Discriminative Reconstruction Constrained Generative Adversarial Network for Hyperspectral Anomaly Detection
Tao Jiang, Yunsong Li, Weiying Xie, Qian Du
Abstract
The rich and distinguishable spectral information in hyperspectral images (HSIs) makes it possible to capture anomalous samples [i.e., anomaly detection (AD)] that deviate from background samples.
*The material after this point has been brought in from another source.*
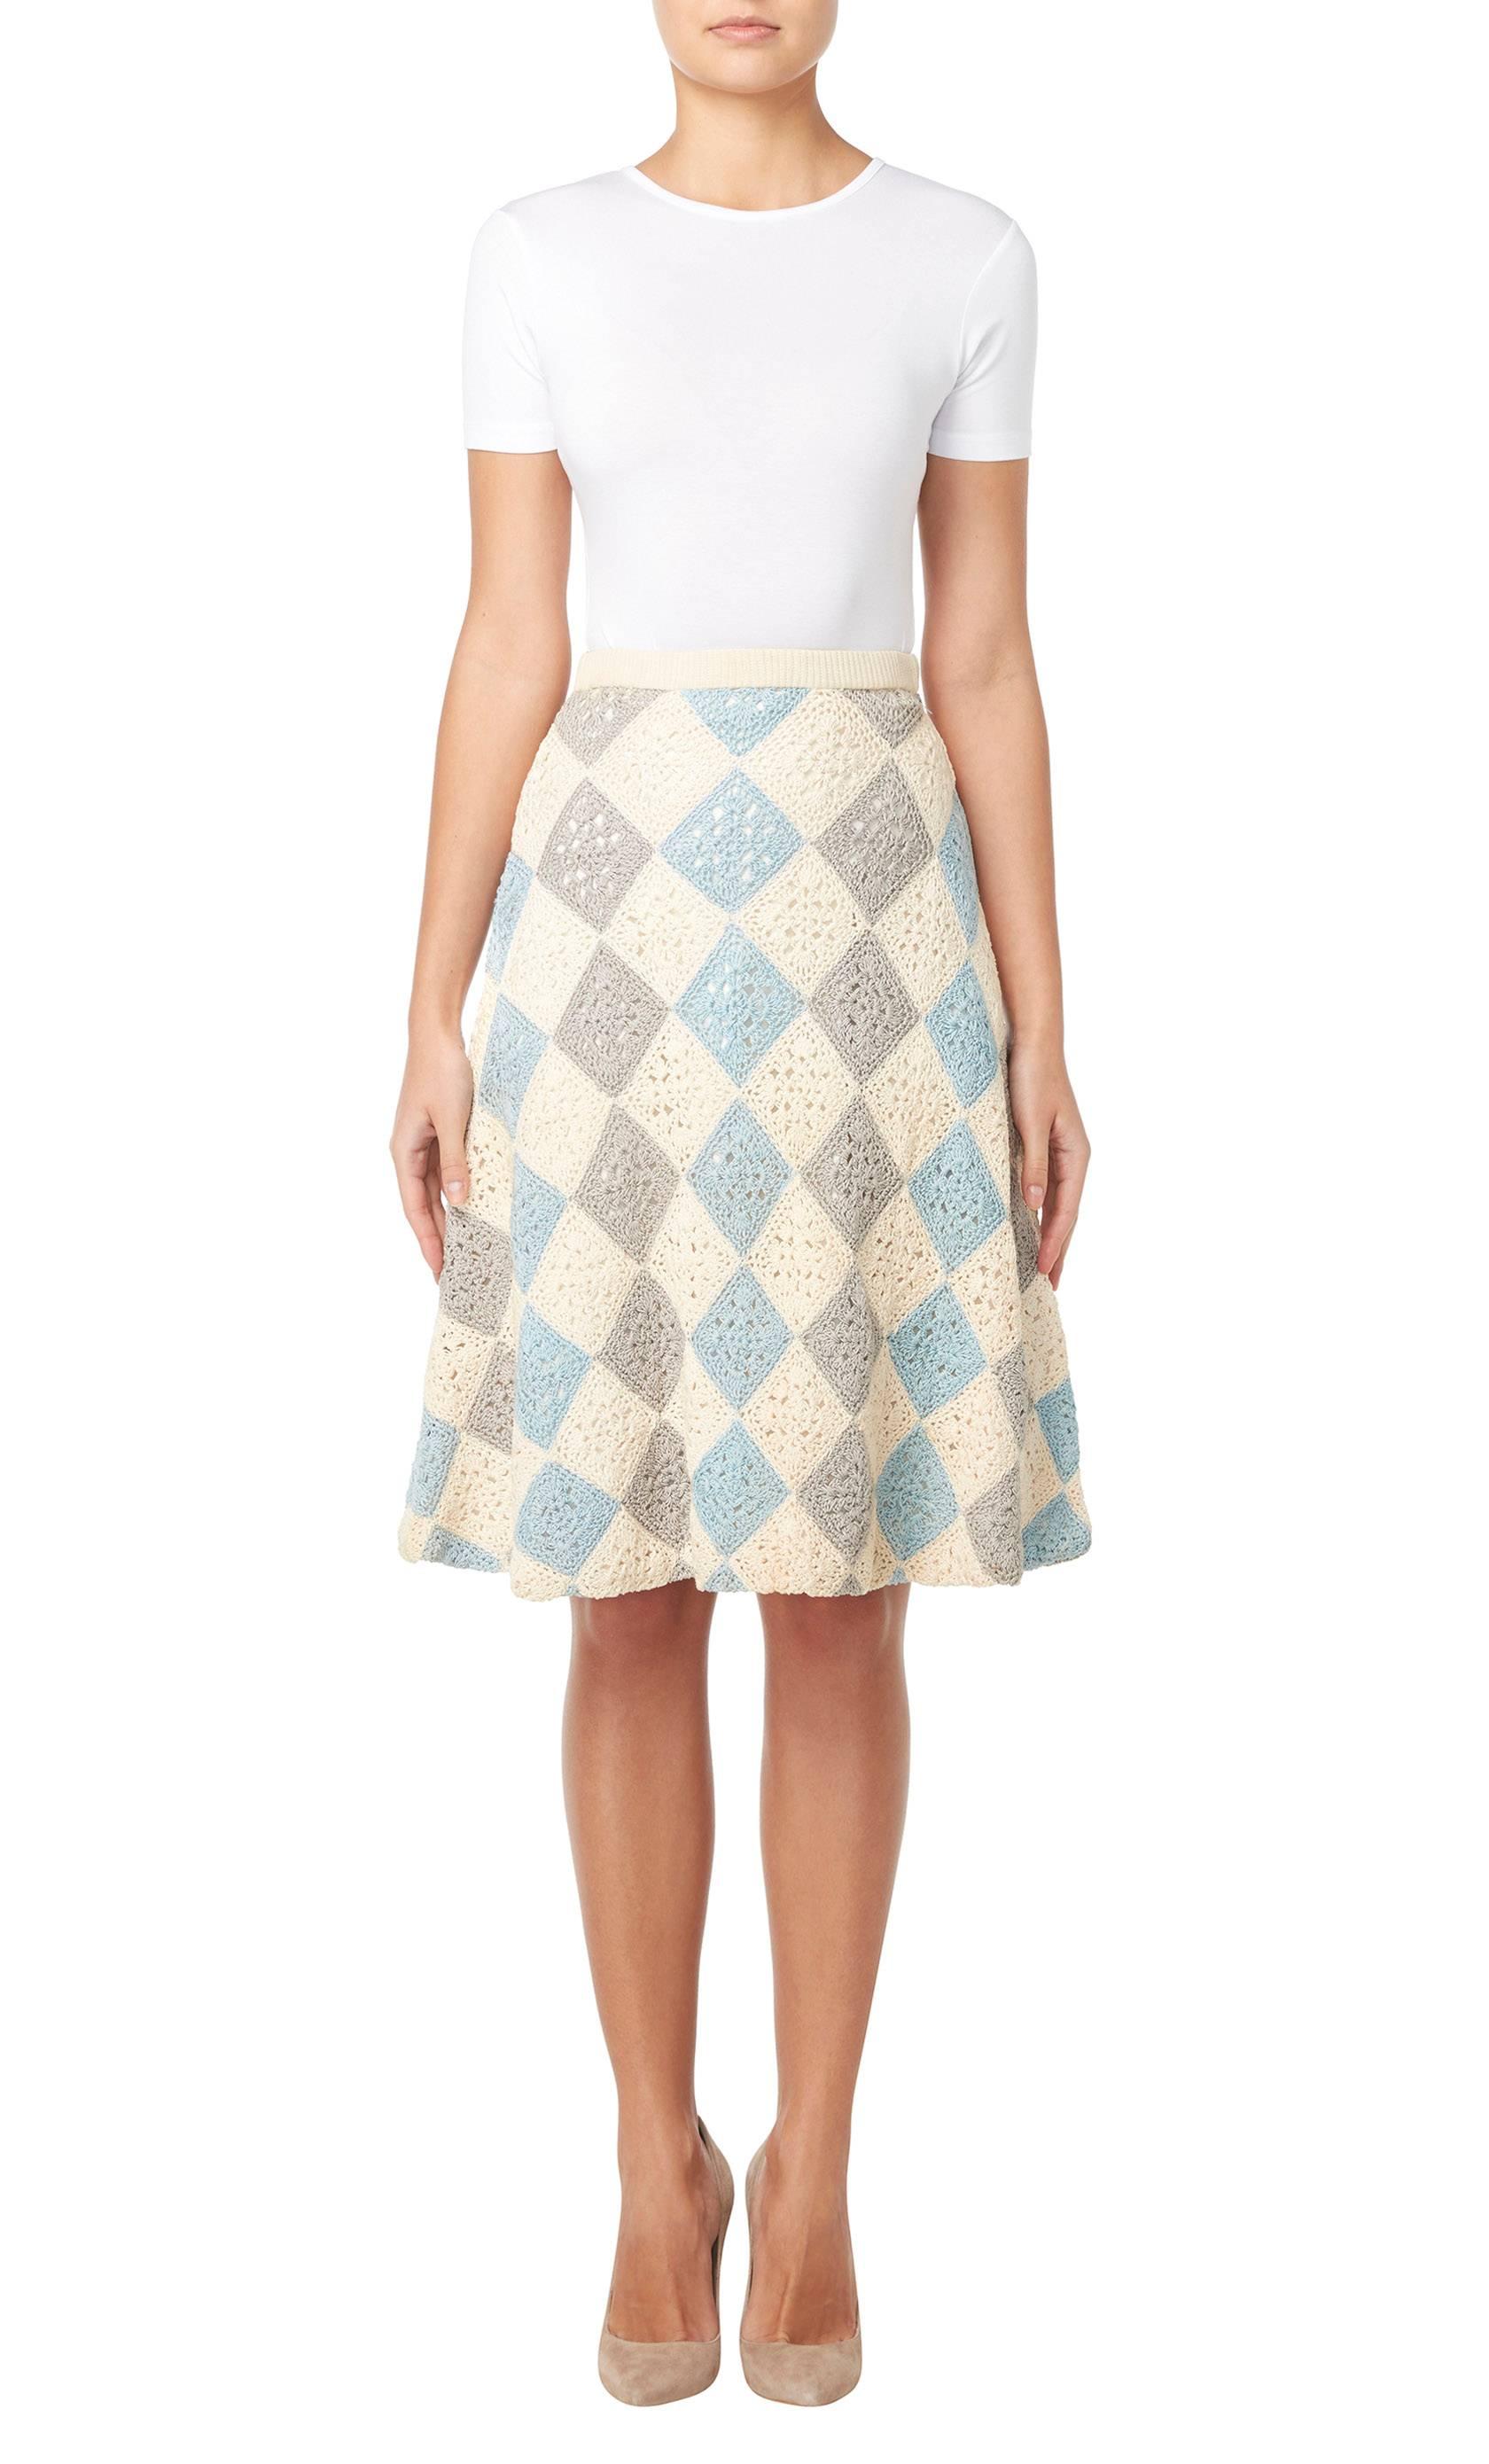 This Jean Dessès skirt is such a fun piece and great for the summer. Made up of crochet diamonds in blue, cream and grey wool, the skirt is fully lined in cotton, which adds structure to the A-line silhouette. Wear with a silk camisole and strappy

However, hyperspectral anomaly detection (HAD) faces various challenges due to high dimensionality, redundant information, and unlabeled and limited samples. To address these problems, this article proposes an unsupervised discriminative reconstruction constrained generative adversarial network for HAD (HADGAN). Our solution is mainly based on the assumption that the number of normal samples is much larger than the number of abnormal ones. The key contribution of this article is to learn a discriminative background reconstruction with anomaly targets being suppressed, which produces the initial detection image (i.e., the residual image between the original image and reconstructed image) with anomaly targets being highlighted and background samples being suppressed. To accomplish this goal, first, by using an autoencoder (AE) network and an adversarial latent discriminator, the latent feature layer learns normal background distribution and AE learns a background reconstruction as much as possible. Second, consistency enhanced representation and shrink constraints are added to the latent feature layer to ensure that anomaly samples are projected to similar positions as normal samples in the latent feature layer. Third, using an adversarial image feature corrector in the input space can guarantee the reliability of the generated samples. Finally, an energy-based spatial and distance-based spectral joint anomaly detector is applied in the residual map to generate the final detection map. Experiments conducted on several data sets over different scenes demonstrate its state-of-the-art performance.